I Was Wrong
A few years ago, I said:
It's a government regulation that hasn't been discredited yet. Advocate a government regulation in nearly any other field and you'll have libertarians saying “Look at how the State messed things up” In the case of net neutrality, our best argument is “Look at how the State messed things up everywhere else!” This, of course, can be spun as paranoid rantings. (It doesn't help that some of the people involved also engage in paranoid rantings.)I was wrong. Net neutrality really was associated with bad effects.
Apparently, net-neutrality used to be the law, back when American broadband was rare. Net neutrality is not a matter of “You need to fill out this form for your Internet connection” or “You need permission from Occupy Wall Street to start an ISP” (despite what some people think). It's a matter of “ding ding ding ding khkhkhkhkh…”

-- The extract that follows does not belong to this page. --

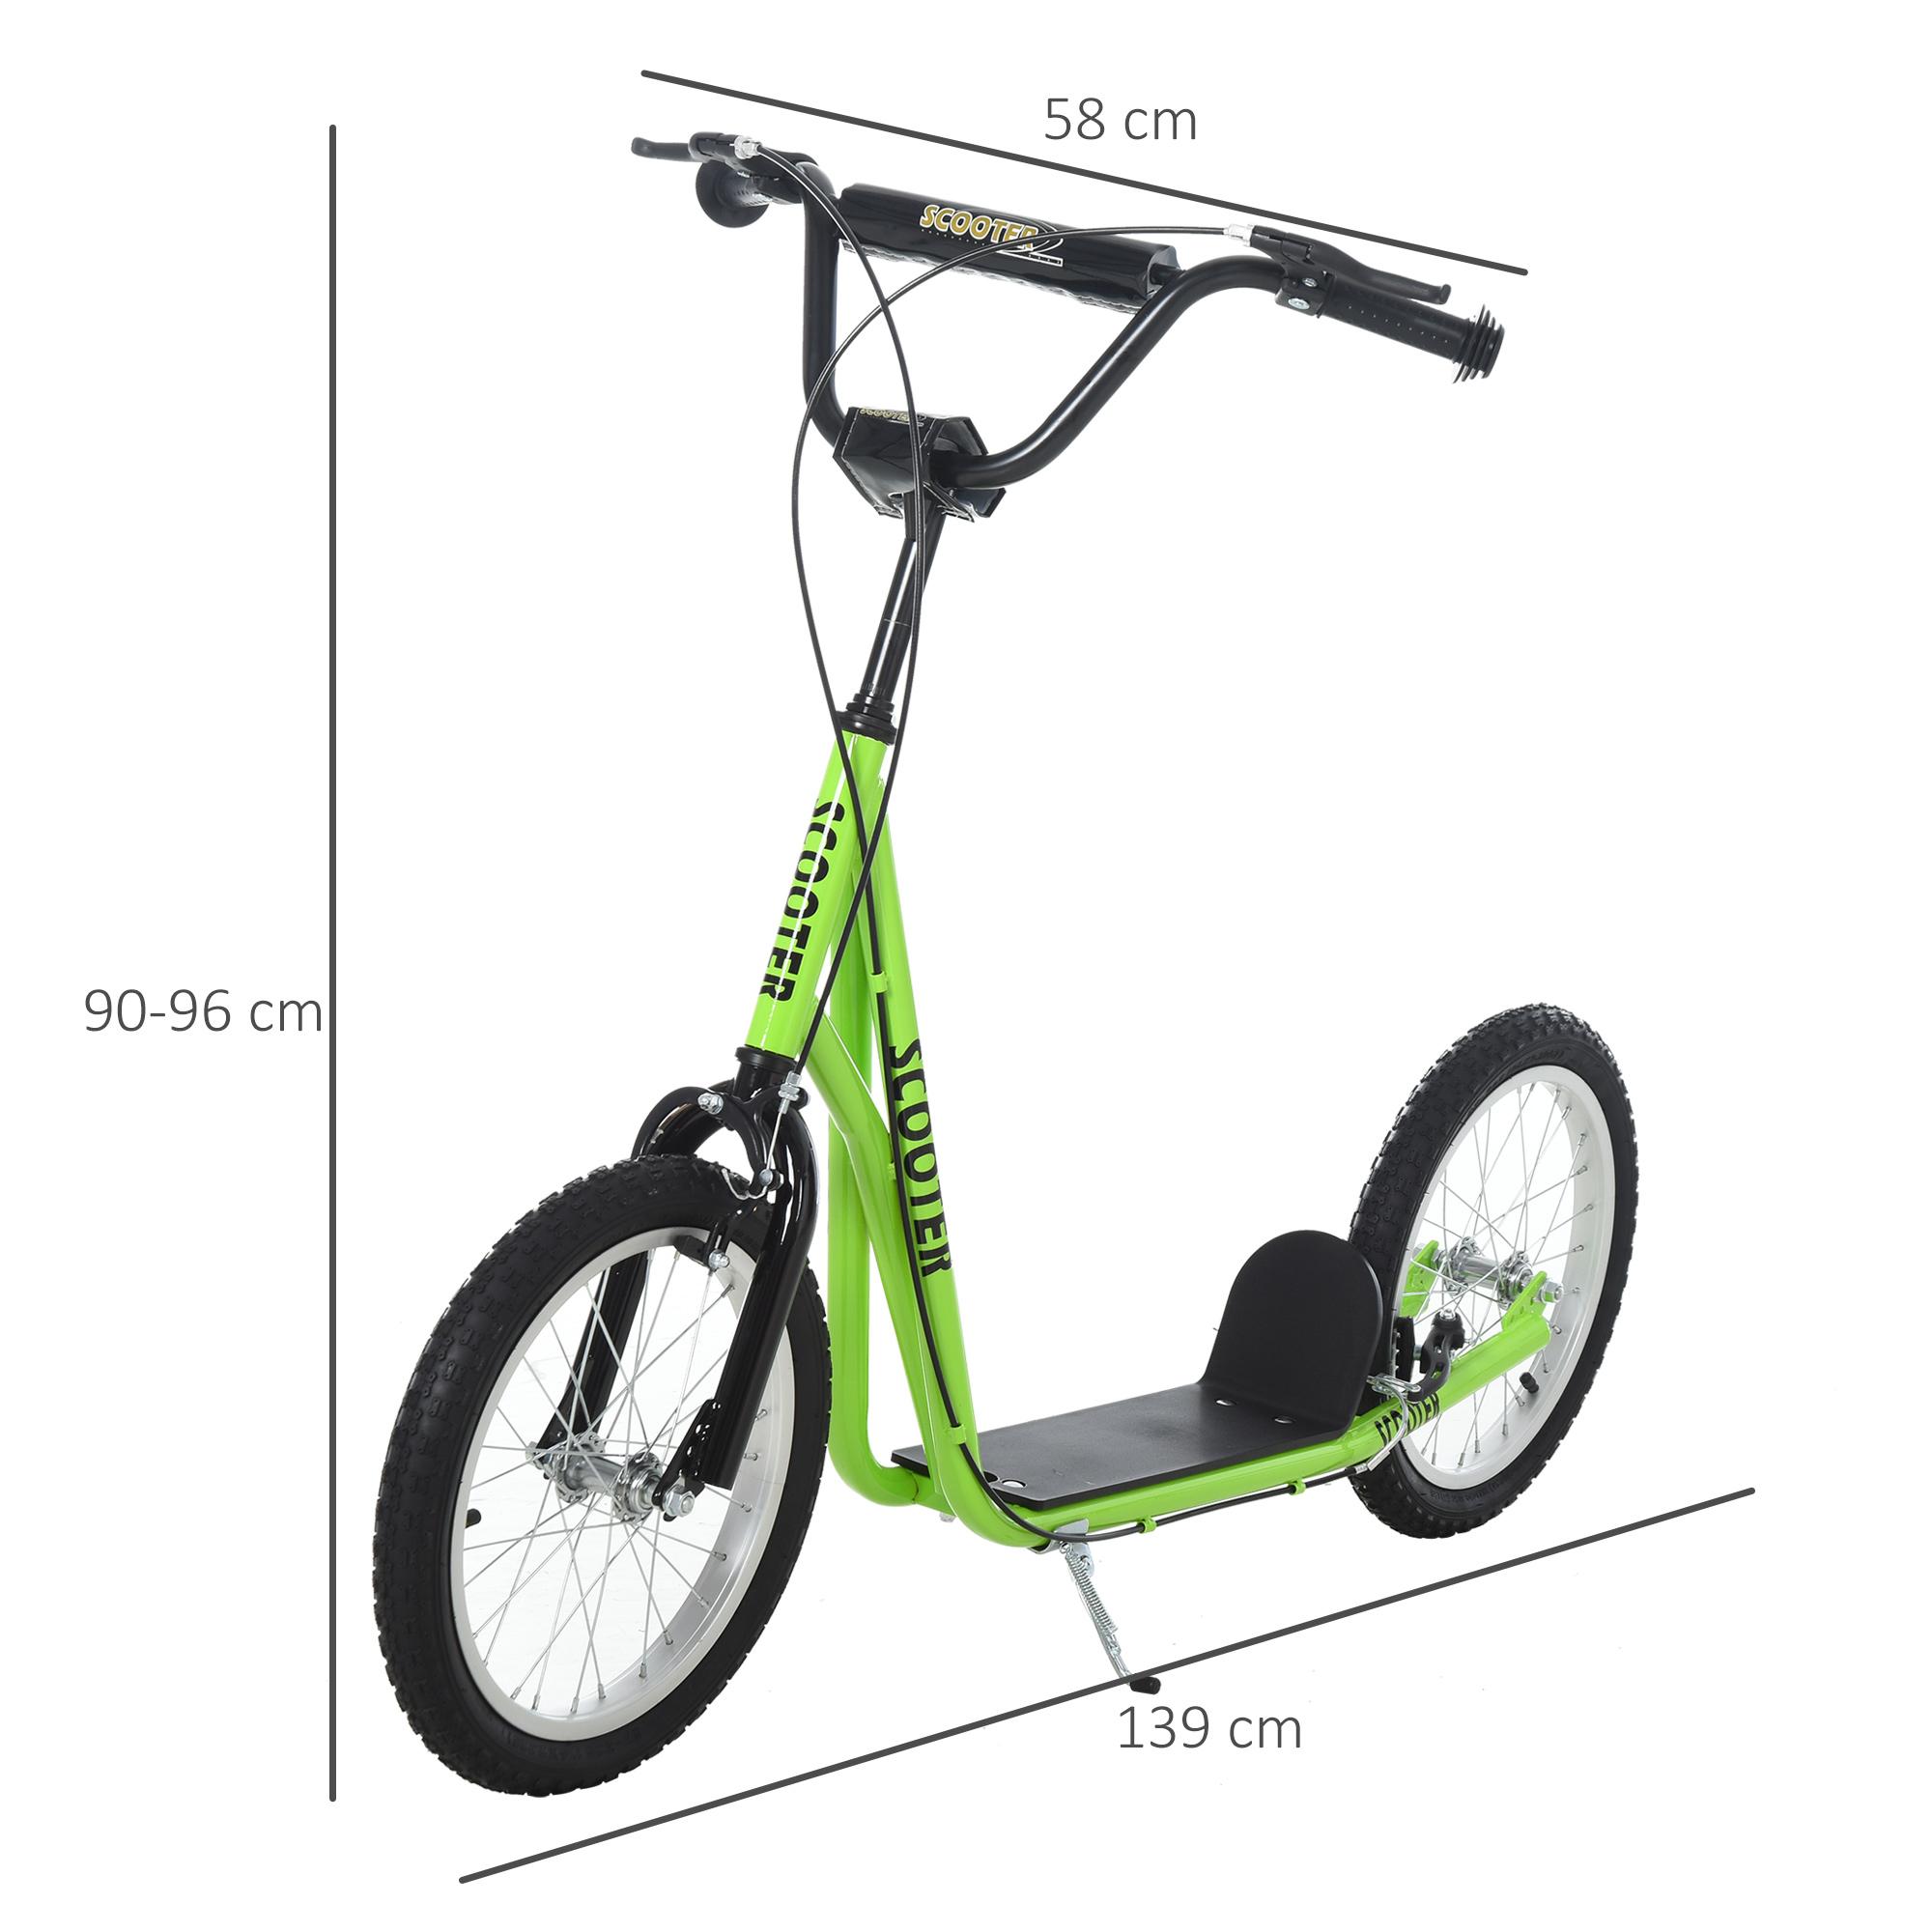 Indexbild 24 - HOMCOM-Tretroller-Kinderroller-Scooter-Cityroller-Roller-verstellbar-Blau-Gruen
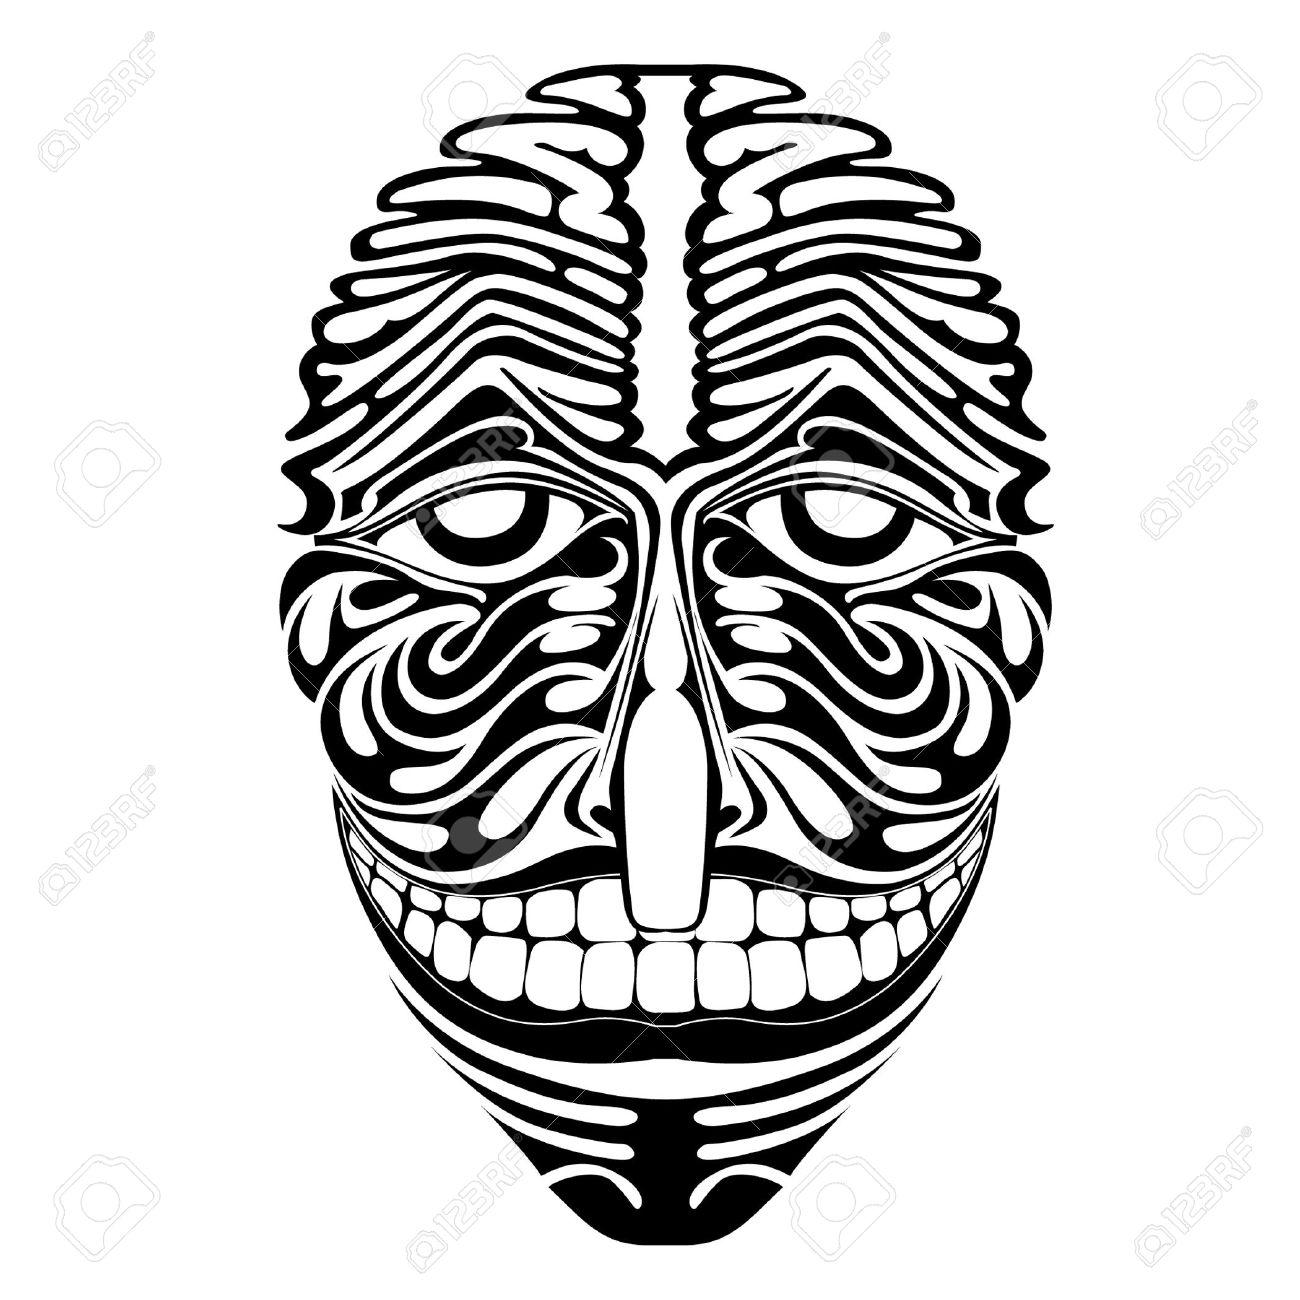 Spirit Demon Joker Face Silhouette Royalty Free Cliparts Vectors

I had overlooked this because the Other Side kept insisting that American slowness in adopting broadband was due to capitalism and—like an idiot—I believed them. (In the real world, the “cool nations” haven't been that strong on net neutrality.)
Meanwhile, in 2002–2015, we didn't have net-neutrality laws and had a rapid expansion of broadband. We also saw Comcast smack down Netflix for bandwidth hogging, but that was a feature, not a bug.
More recently, we also saw Verizon's arrogant treatment of ISPs it doesn't like, but it's doing so as a content provider. Strengthening ISPs might stop that.